When I started training at CrossFit, I knew zilch. So, everything was a mystery to me. I would ask incessant questions about technique, about approach, about how to do.. well, pretty much everything. Because I lacked the structure or model to do it, and I just wanted someone to explain everything.
It changed for me one day, when after weeks of patience and answered 100s of my questions, Adrian Bozman told me nicely and firmly,
Hey Arv! Stop using your brain
That stunned me. Whaaaaaat!?!?!?
When we are new into fitness, we often
- lack proprioception i.e. knowing where your joints are in space
- lack body control i.e. you want to do it but you really cannot
- lack neuromuscular adaption i.e. your software and hardware don't talk too well
- lack strength and endurance, physically and mentally
As we work on our skill, all of them get better. To work on this skill, it is not about putting bits and pieces together only but also letting the body just figure it out.

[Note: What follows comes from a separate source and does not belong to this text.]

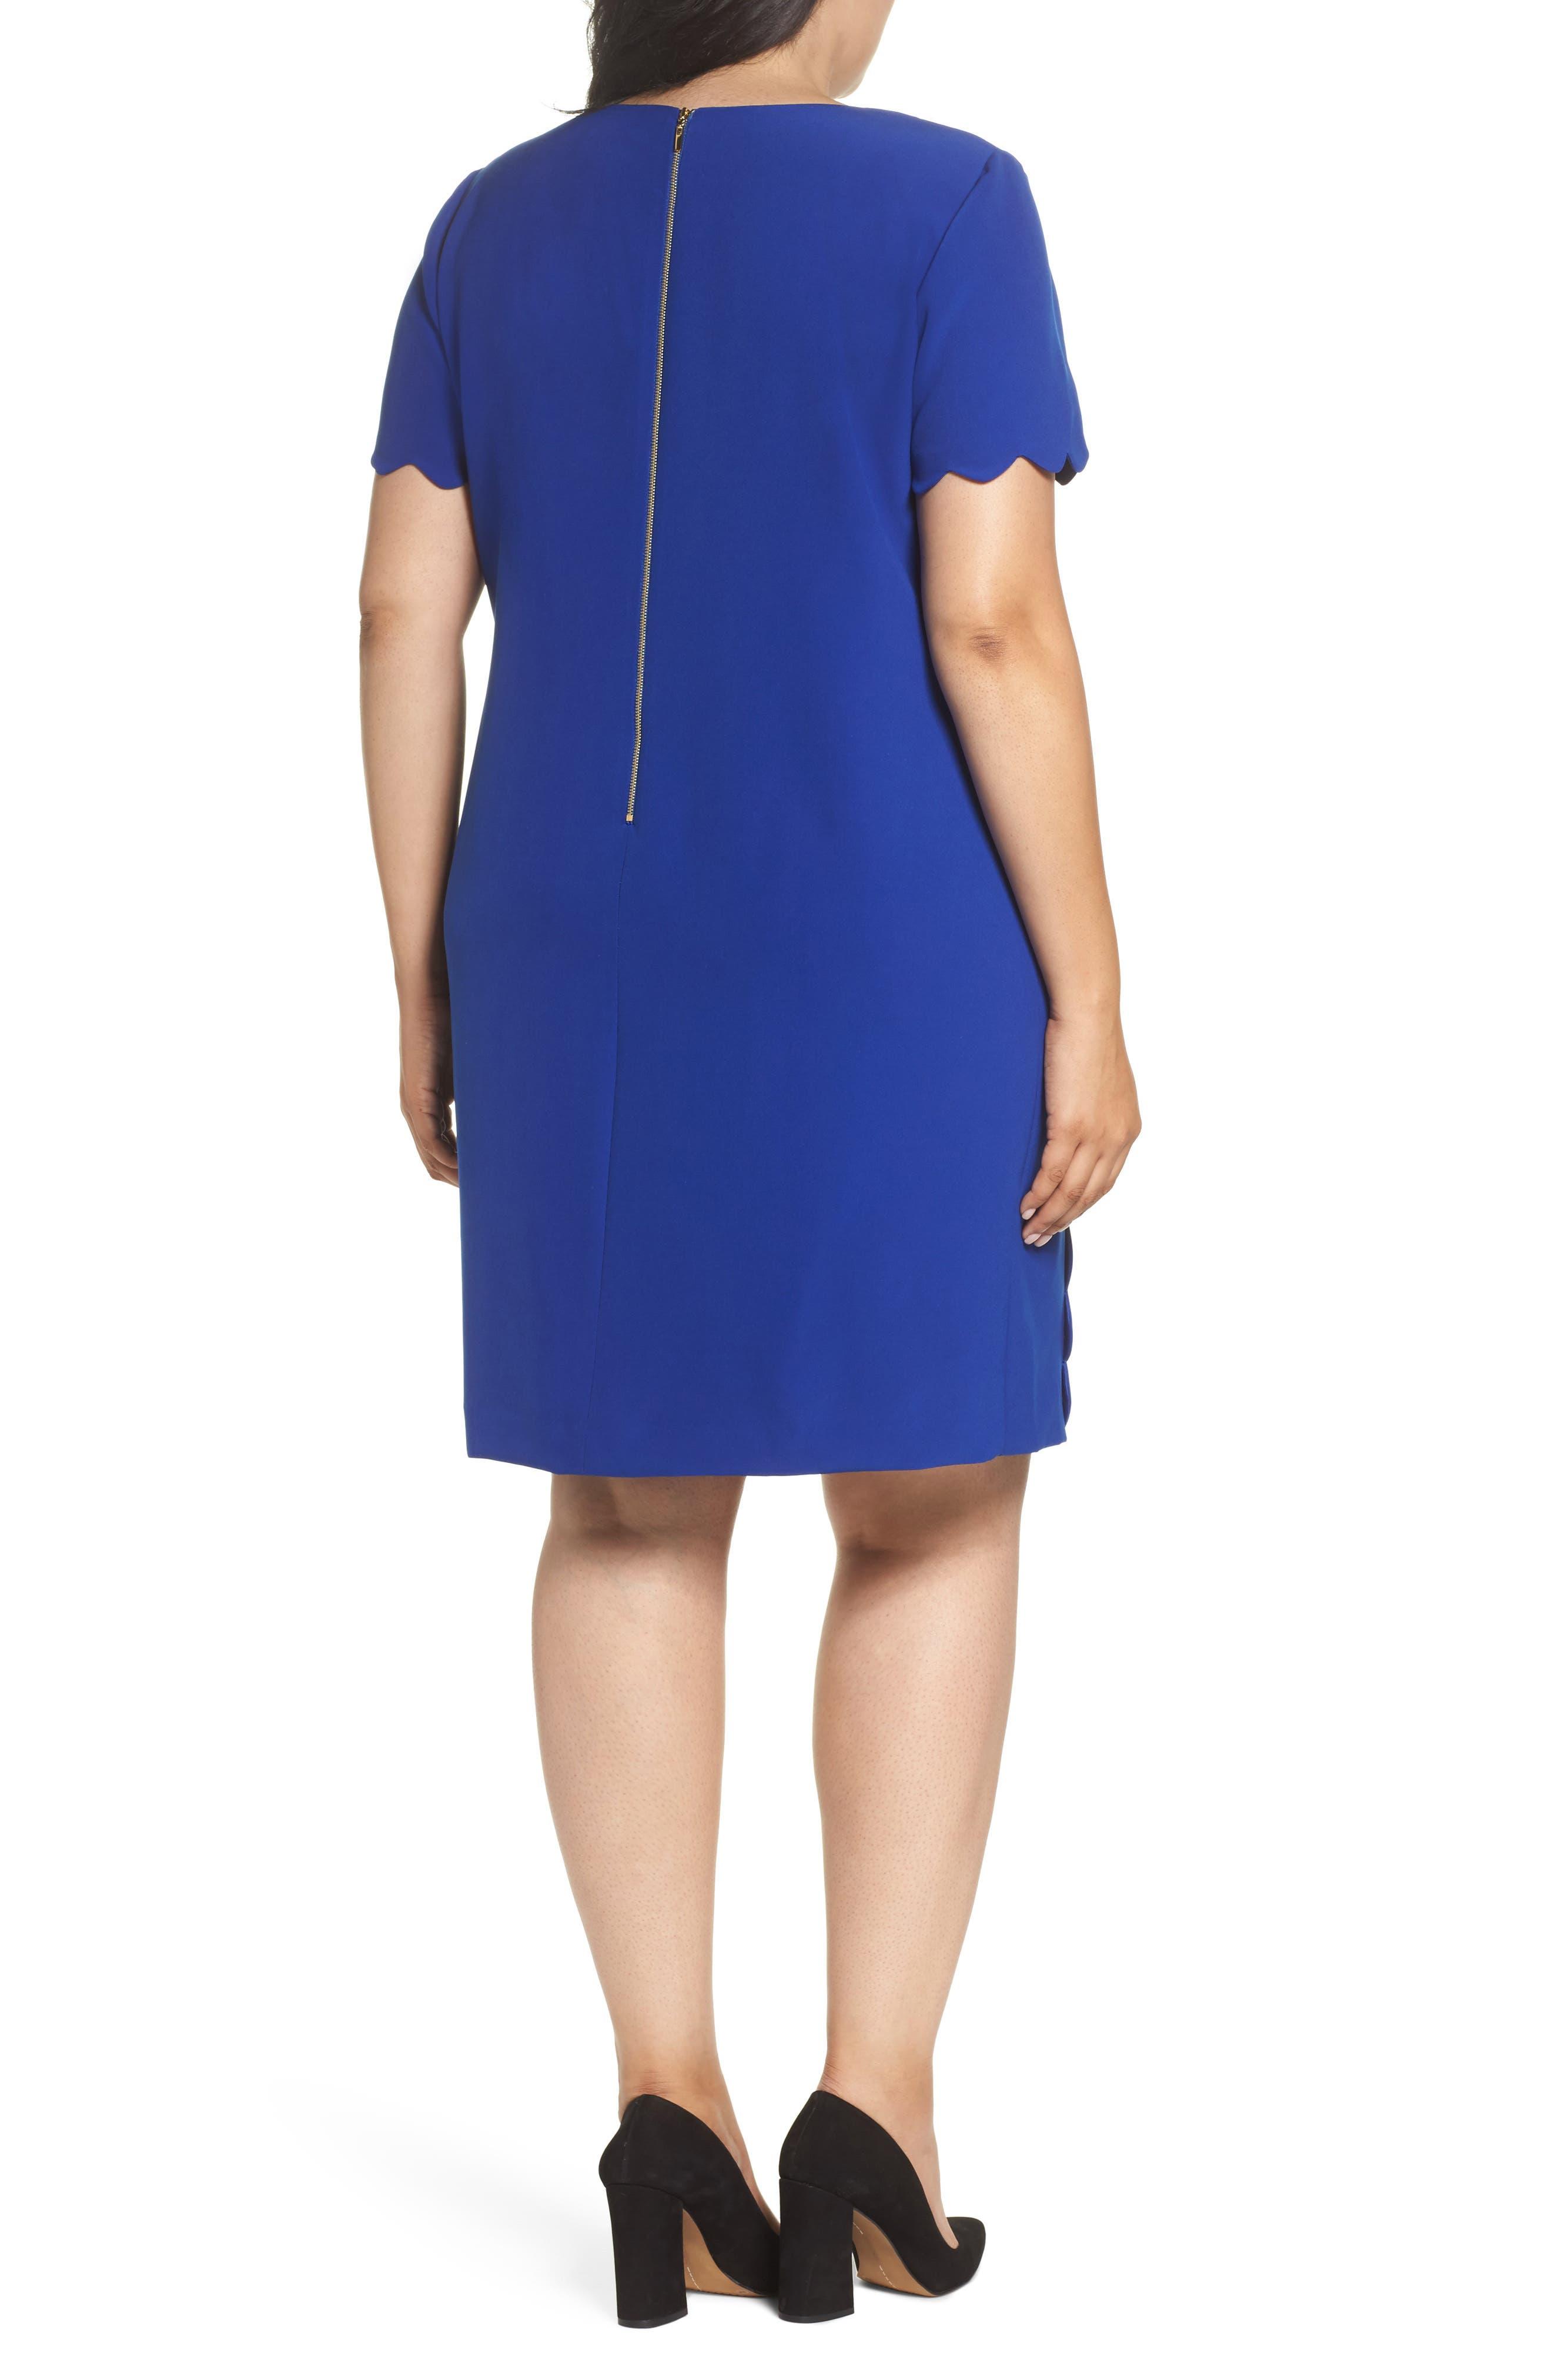 Alternate Image 2  - Tahari Scalloped Trim Shift Dress (Plus Size)

Think of any skill you have. Let's take driving - shift down a gear, while pressing the clutch and steering the vehicle while continuing the conversation you are having. If we have to think and communicate, it will take far too long. Instead, it is a pattern ingrained in us by practice.
As the great Bruce Lee said,
Don't think. Feel!
The kettlebell swing, for example, is too fast to process. You nail your setup, and you just go. As your skill level gets better and better, you just get better. As you understand your body is one piece, it gets even better.
There's a time to think. But too much thinking can cripple the mind. Find a balance.
For me, I was doing too much thinking. Now, I have a happy balance!
Today, I see a few of my students do the same - ask a lot of questions. While that's great, there are a few things that you are better off discovering on your own. I gently nudge them back and sometimes refuse to answer their questions.
Repetitions (good technique, obviously) will help you answer most of your questions. Time and effort and work will answer all those questions. Some of our questions are also not the right questions, and we will realise it only by putting in the time. Your questions will evolve.
Many answers will only make sense as you know enough to interpret them. That's why, theory alone is not enough. You have to try to apply, and then figure out what that actually means.
Just like all of us see colours differently, you might interpret things differently. And that's okay! That's something you can teach me too, and that's one more lens I have.